HOUSTON RENT DEALS A broker tells reporter Amy Wolff Sorter that no new multifamily apartments — beyond the 14,000 units currently “in the pipeline” — are likely to be built in the Houston area until 2012. MPF Research says the multifamily occupancy rate for this area is hanging at around 89.7 percent, not too far from where it was last year: “. . . rents continue to hold steady and concessions aren’t being jacked up in response, though they do exist. [MPF’s Greg] Willett points out that about 38% of the product on the market today has some sort of concession, with the typical giveaway hovering at a 9% discount, which translates to a little more than one month of free rent.

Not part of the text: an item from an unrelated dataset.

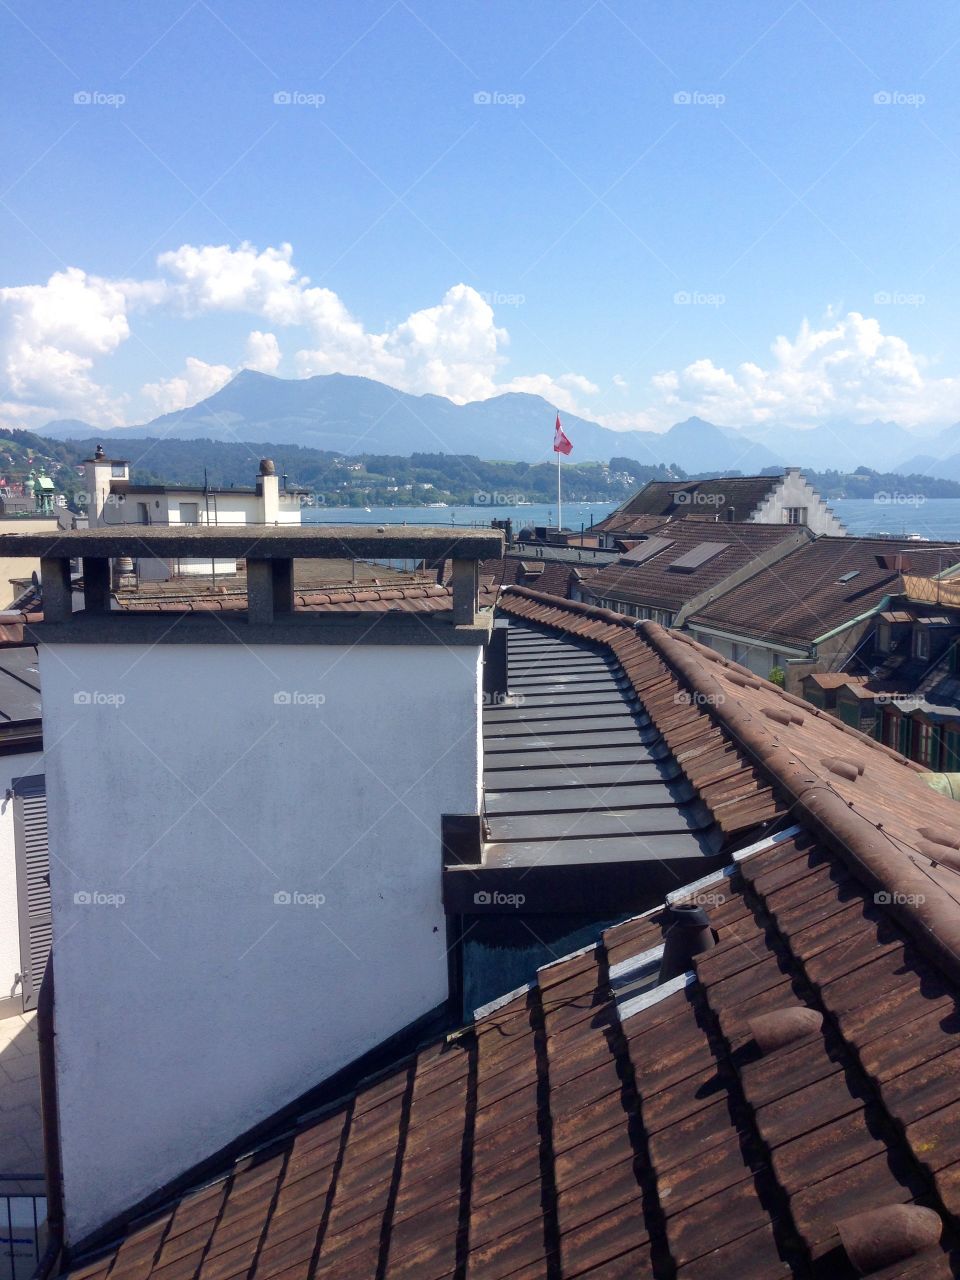 Rooftop view from Lucerne, Switzerland.

Still, ‘that really hasn’t moved,’ Willett remarks. ‘We’ve been at that 9% figures for awhile.’ Both [Apartment Realty Advisors’ Matt] Rotan and [CB Richard Ellis’s Craig] LaFollette say that the infill locations are faring better than the outer submarkets, which are giving away up to two months free rent.” [Globe St.]
Does that 14,000 units coming online number include Regent Square (first phases) and Finger’s apartments at Waugh and Dallas?
kjb, the commercial purveyors of real estate market data don’t do their job very well. O’Connor & Associates misses a lot of inner city complexes, Apartment Data Services misses a lot of suburban complexes, and MPF just generally sucks.
Based on my analysis of their collective data–which I stopped doing when I got laid off–I would suspect that the true number of units currently under construction is probably around 60% to 80% above what MPF is quoting.